By Dr Lindsay McMillan
Most people experience workplace stress as a natural symptom of wanting to do their work well. It could be argued that it even has its uses, helping us stay motivated and focussed in the short-term to get that project done or power through the busy season.
However, stress can become a serious problem if it is intense or prolonged. That is why it is so troubling to find that a staggering 73 per cent of workers say they are either extremely or very stressed about work.

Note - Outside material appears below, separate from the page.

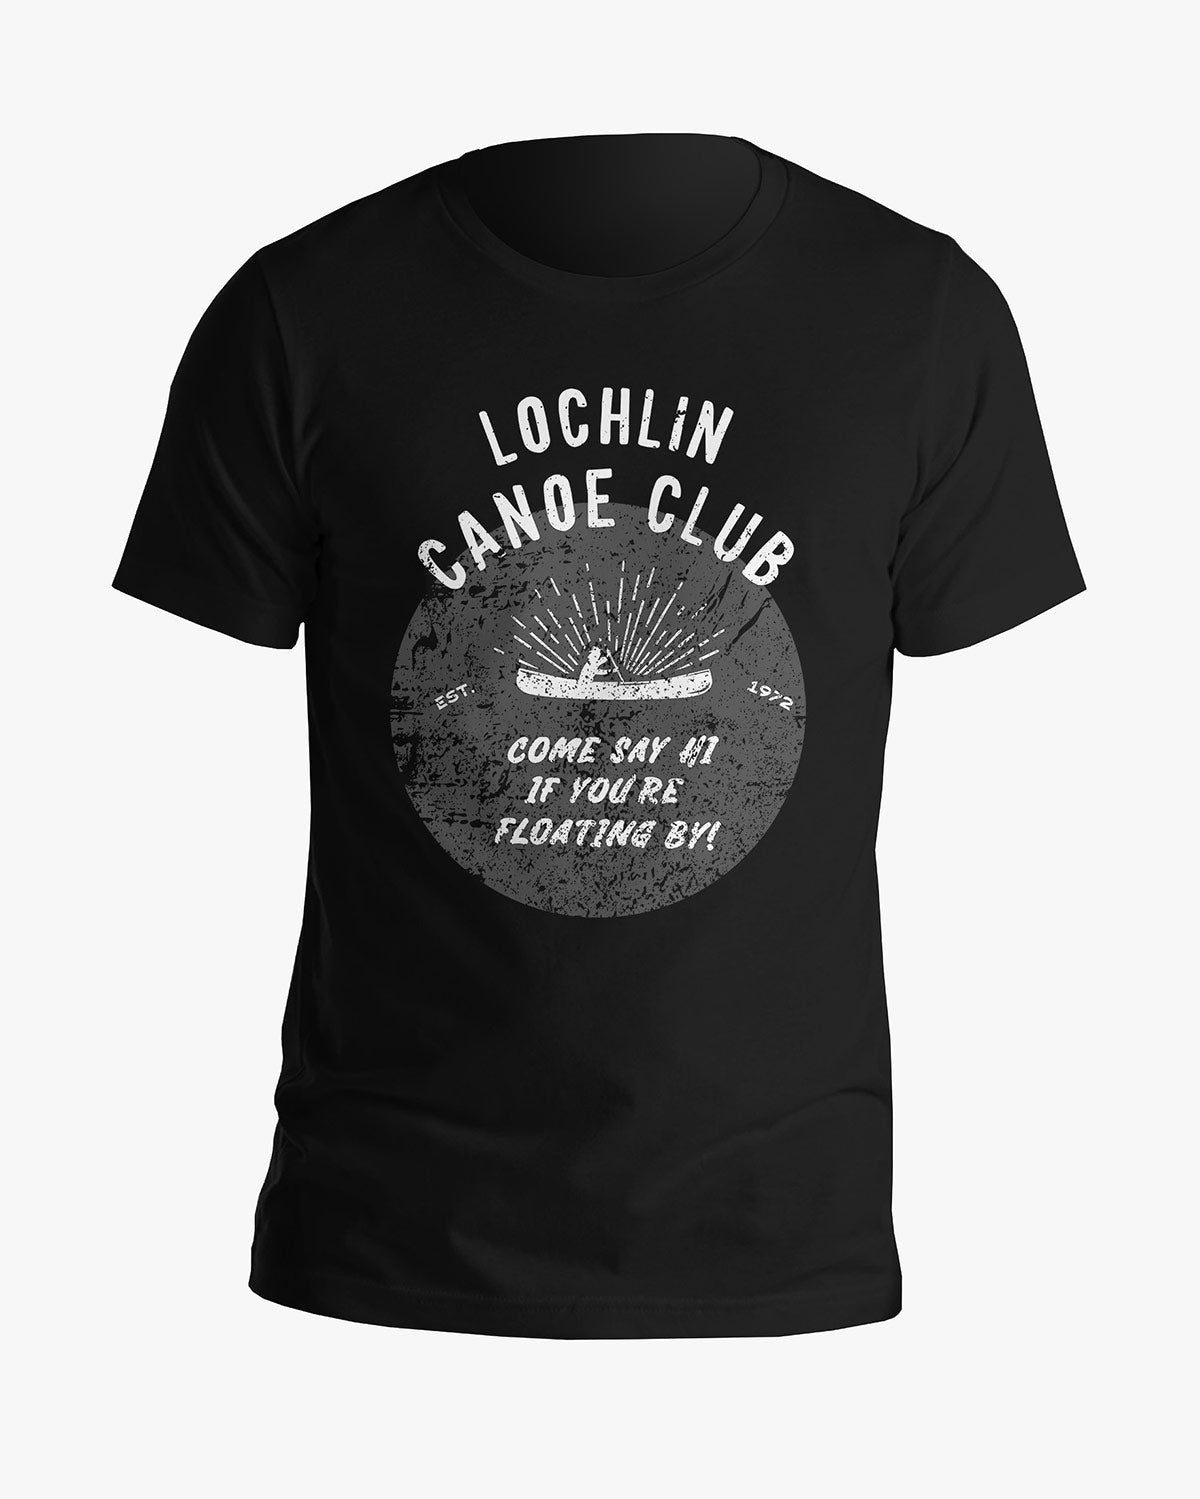 Canoe Club - Lochlin - Tee

This should not be taken lightly; not only is this level of stress negative for your mental health, stressed workers are two and a half times more likely to go home after a day’s work and fire up the job search.
So, why are workers so stressed? According to Reventure’s most recent study, Workplace Wellbeing, employees identified unrealistic workload expectations, low team morale and job insecurity as the top three things hindering workplace wellbeing.
So here are three things to remember about workplace stress and combating it effectively.
1. Employers have the power to make a change
Stress can seem outside your control and subjective, however unrealistic workloads can be a bit more objective. According to 48 per cent of Australian workers, the greatest negative impact on wellbeing in the workplace is unrealistic workloads, so seriously consider whether your employees have too much on their plate.
Have an open and honest conversation in the workplace and remember your employees will most likely avoid telling you that they are overwhelmed, so try re-phrasing your questions and ask them what concerns them the most about their work.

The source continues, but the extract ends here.